1 US factories chug on, Asia lags behind (Khaleej
Times) US manufacturing activity rose for a second straight month in April but
at a slightly slower pace, as new orders and production fell. The Institute for
Supply Management said its index of national factory activity slipped to 50.8
last month from a reading of 51.8 in March. A reading above 50 indicates
expansion in the manufacturing sector. A gauge of orders received by factories
fell 2.5 points to 55.8 per cent.
Manufacturing, which accounts for about 12 per cent
of the US economy, has been hurt by weak export growth stemming from a strong
dollar and soft global demand. Economic growth slowed to a 0.5 per cent
annualised rate in the first quarter. Given a fairly robust labor market, which
is expected to boost sluggish consumer spending, economists expect gross
domestic product growth to rebound in the second quarter.
Asian factories, meanwhile, barely grew in April and
those in the eurozone did little better despite heavy discounting, setting a
sluggish tone for the global economy in the second quarter. Japanese
manufacturing activity shrank last month at the fastest pace in more than three
years as major earthquakes disrupted production, while the former bright spot
of India sank to a four-month trough and growth in China was all but flat.
The eurozone reading edged up only marginally,
painting a more subdued picture of an economy that grew an encouraging 0.6 per
cent between January and March. So far, the massive ECB stimulus and weaker
euro has yet to feed through to eurozone factories which operated only
marginally faster in April.
2 Biggest earnings drop for ANZ since 2008 (Straits
Times) Australia's No 4 lender, ANZ Banking Group, has posted its biggest
half-yearly decline in cash profit since 2008 and slashed dividends for the
first time in seven years on rising corporate defaults triggered by a mining
downturn.
The result marks the end of six years of record
profits for ANZ and comes a day after No 3 lender Westpac Banking Corp missed
earnings forecasts, confirming the negative trend for Australian banks as they
battle the commodities downturn and tougher capital requirements.
The big earnings drop at ANZ, the only major
Australian bank with a large presence in Asia, also comes in an election year
when banking sector misconduct is a hot issue following a series of scandals
including insurance fraud and rate rigging.

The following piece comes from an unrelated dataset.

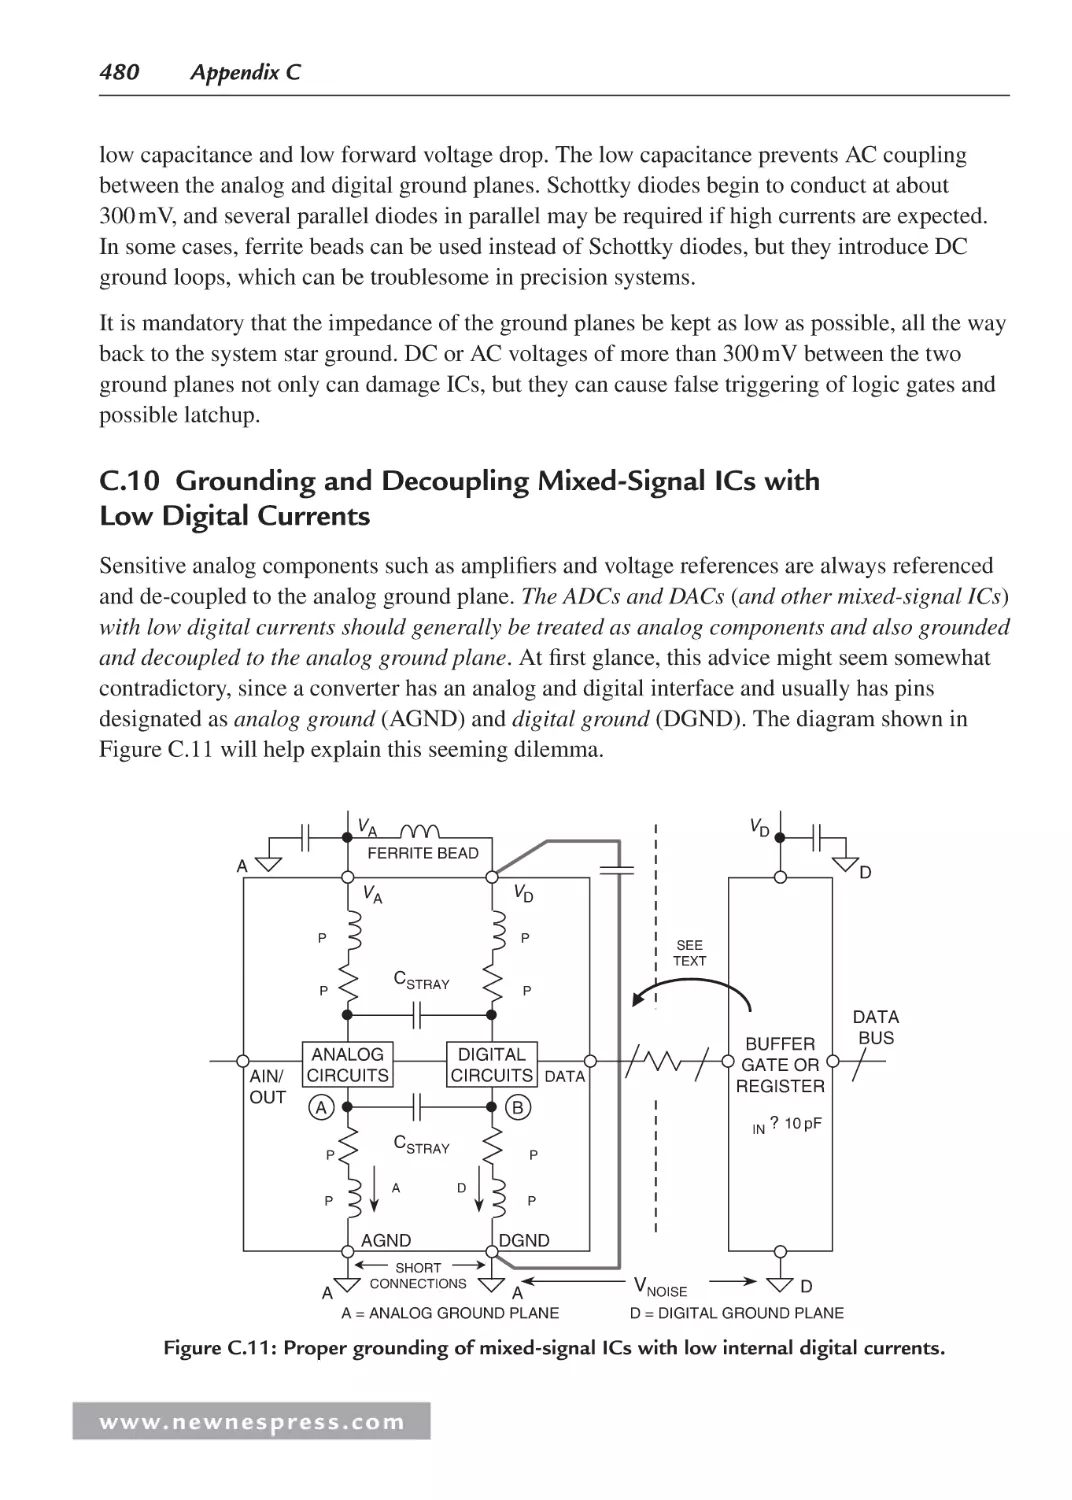 C.10 Grounding and Decoupling Mixed-Signal ICs with Low Digital Currents

ANZ, which is shrinking its low-returning Asian
business, cut its institutional banking staff by 4,056 in the 12 months to
March 31 and reduced loans by A$14 billion, the lender said. While bad debt
charges are rising, Australia's major banks have small exposures to mining and
mining-related services and their total loan losses are near record lows.
3 Leicester, 5000-to-1 long shots, win Premier
League (Barney Ronay in The Guardian) For the past three months Leicester
City’s gloriously bold progress towards a first English top-flight title has
unfurled like a slow breaking wave. A draw against Manchester United on Sunday
afternoon left Claudio Ranieri’s collection of offcuts and rising talents a
step closer.
Tottenham’s failure to beat Chelsea on Monday night
was the final nudge. The wave has finally broken on a Premier League title some
are already calling the most unlikely sporting victory of all time.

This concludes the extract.